Summer Internship Blog Post - Washington University
By: Brittany Koops (MAT Class of 2015)
When I transferred to SLU last summer as a post-baccalaureate student I had so many expectations, thoughts, and hopes for the upcoming year and even more so towards to summer internship. While my internship at Washington University in Saint Louis was nothing like I had dreamt, it was still more than I could ask for.
I’ll admit, I was skeptical at first. I didn’t know what to expect going into the internship, and I was somewhat saddened that I was staying in Saint Louis instead of returning home to be with my friends. While I was skeptical I went in with a positive attitude, and knew I’d give it nothing but my best. From the first day I walked in I felt welcomed and trusted as a student. The amount of freedom they gave me made me feel competent in my skills. The staff wasn’t over bearing and constantly hovering over me. I had space to work, and practice the skills that I had the past year to learn.
|Brittany Koops with Washington Univ. AT Jacob Blasingame MAT, ATC (SLU MAT Class of 2011)|
This past year has been a real struggle for me, It is the first time I’ve ever been away from my family and friends. This has caused me to feel out of place, and uncomfortable. When I don’t feel like I belong then I crawl back into my shell and hide. I sit back and watch more than try to stand out and show off how much I actually know. This past summer at Wash U has really helped me gain the confidence in myself that I will need this upcoming year, and even more so in my future. I felt welcomed by all the staff, and that made me feel like I was wanted and a part of the team this past summer. I wasn’t afraid to speak up, or communicate with the coaches. The compliments from the coaches at the soccer camp on how I went above and beyond when I could to help them made me feel like I finally wasn’t passing the years by in Saint Louis unnoticed. I realized the coaches could see my passion, and I just needed to show it more, and take that drive to allow myself to open up and not be afraid to be wrong and practice my skills. I need to not be hesitant to ask questions, or speak up about what I believe.
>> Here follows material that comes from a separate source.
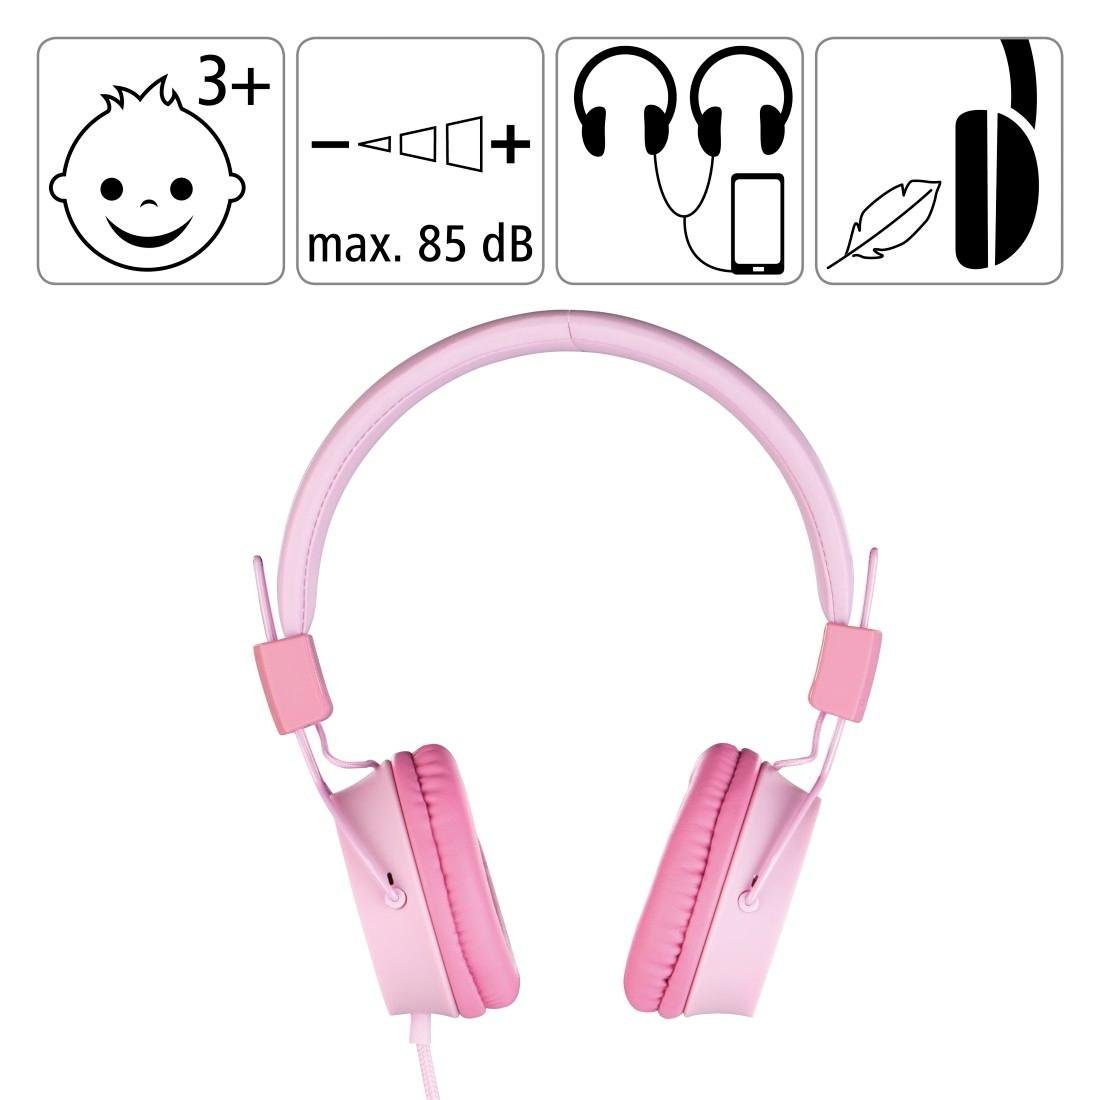 Kabel auf leicht zusammenfaltbar, mit pink Lautstärkebegrenzung möglich) Kinderkopfhörer weiterer On-Ear-Kopfhörer Thomson (größenverstellbar Kopfhöreranschluss 85dB On-Ear,

I was wrong in an initial assessment of an injury once during the summer, and the world didn’t end like I thought it would. The summer went on, and I learned from my mistake. I learned to be more careful, and to communicate better. I gained confidence in my assessment skills, and learned to trust my own knowledge. I learned different ways of taping and modifications to the special tests, that can help me improve my assessment skills even more. All in all, I feel that the confidence I gained these past few months is the most valuable thing I can take away. Without confidence I won’t be able to learn more. I need to carry this confidence with pride, and not be afraid to show off the skills that I have learned. By taking this new found confidence I will be happier, and it will be easier to find a place to belong here in Saint Louis. I will no longer be hiding back in the shadows just waiting for the semester to pass by. I now look forward to my upcoming clinical rotation year, and finding my place and confidence there, to really be able to practice and master the skills I’ve spent years of my life studying.